Complementation Tests.
Mutant pJC3 derivatives were transferred into strain KO607 carrying pPA114 to evaluate the dominance of Tsr* mutants. Individual transformant colonies were inoculated into tryptone semisolid agar plates containing 50 μg/ml of ampicillin, 12.5 μg/ml of chloramphenicol, 0.6 μM sodium salicylate, and IPTG at 0, 10, 20, or 40 μM. Plates were scored after incubation at 35°C for 7–8 h, and Tsr* mutants were classified as either recessive (no reduction in wild-type serine response at any induction level) or dominant (impaired serine chemotaxis at some induction level). Dominance was classified in severity according to the threshold concentration of IPTG inducer needed to produce the effect: D3 (0 μM), D2 (10 μM), D1 (20 μM), or D0 (40 μM).
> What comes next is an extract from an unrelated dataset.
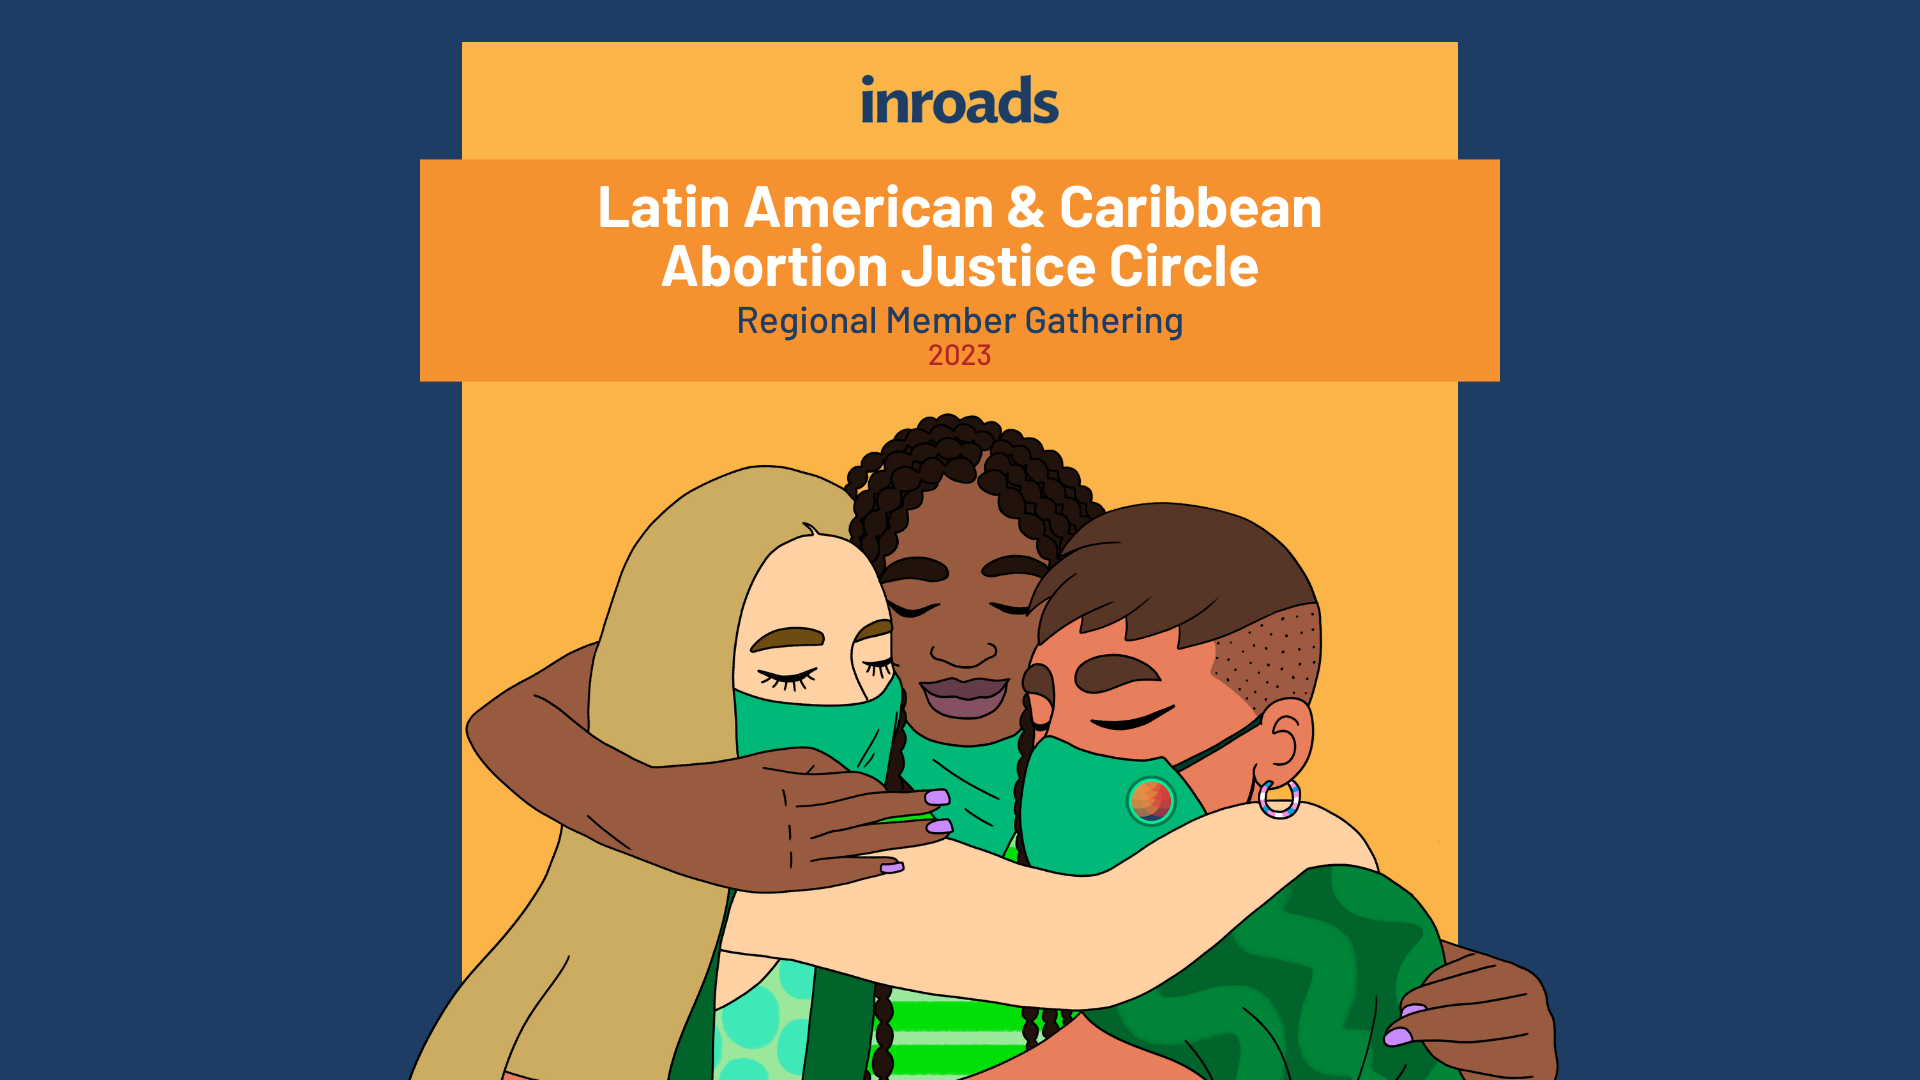 inroads Latin American and Caribbean Abortion Justice Circle. Regional Members Gathering. 2023. Three abortion activists wearing green bandanas embrace in a hug.

Epistasis tests were done in an identical manner except that mutant pJC3 derivatives were transferred to strain KO607 carrying pLC113 and the sodium salicylate concentration in the assay plates was 0.7 μM. Plates were scored after incubation for 8–9 h, and mutants were classified as epistatic if they impaired aspartate chemotaxis at some induction level: E3 (0 μM), E2 (10 μM), E1 (20 μM), or E0 (40 μM). Some nonepistatic mutants regained serine chemotaxis ability in these tests and were classified as functionally rescuable (by wild-type Tar).
Receptor Crosslinking.
Strains UU1248 and RP3098 carrying pCS66 and pJC3 (or one of its derivatives) were grown at 35°C in tryptone broth containing 100 μg/ml of ampicillin and 50 μg/ml of chloramphenicol. At early log phase, IPTG (20 μM) and sodium salicylate (0.6 μM) were added to induce Tsr and Tar-(His)6 expression to their normal cellular levels. At mid-log phase, cells were harvested by centrifugation (6,000 × g), washed twice with KEP [10 mM potassium phosphate (pH 7.0)/0.1 mM EDTA], and resuspended in the same buffer at an OD600 of 5. The crosslinking agent dithiobis(succinimidylpropionate) (Pierce) was added to 10 ml of cell suspension to a final concentration of 0.5 mM. After 2 h at room temperature, the reaction was quenched by addition of Tris⋅HCl (pH 8.0) to a final concentration of 0.1 M. After an additional 15 min at room temperature, the cells were collected by centrifugation, washed with 50 mM Tris⋅HCl (pH 8.0), and stored at −20°C.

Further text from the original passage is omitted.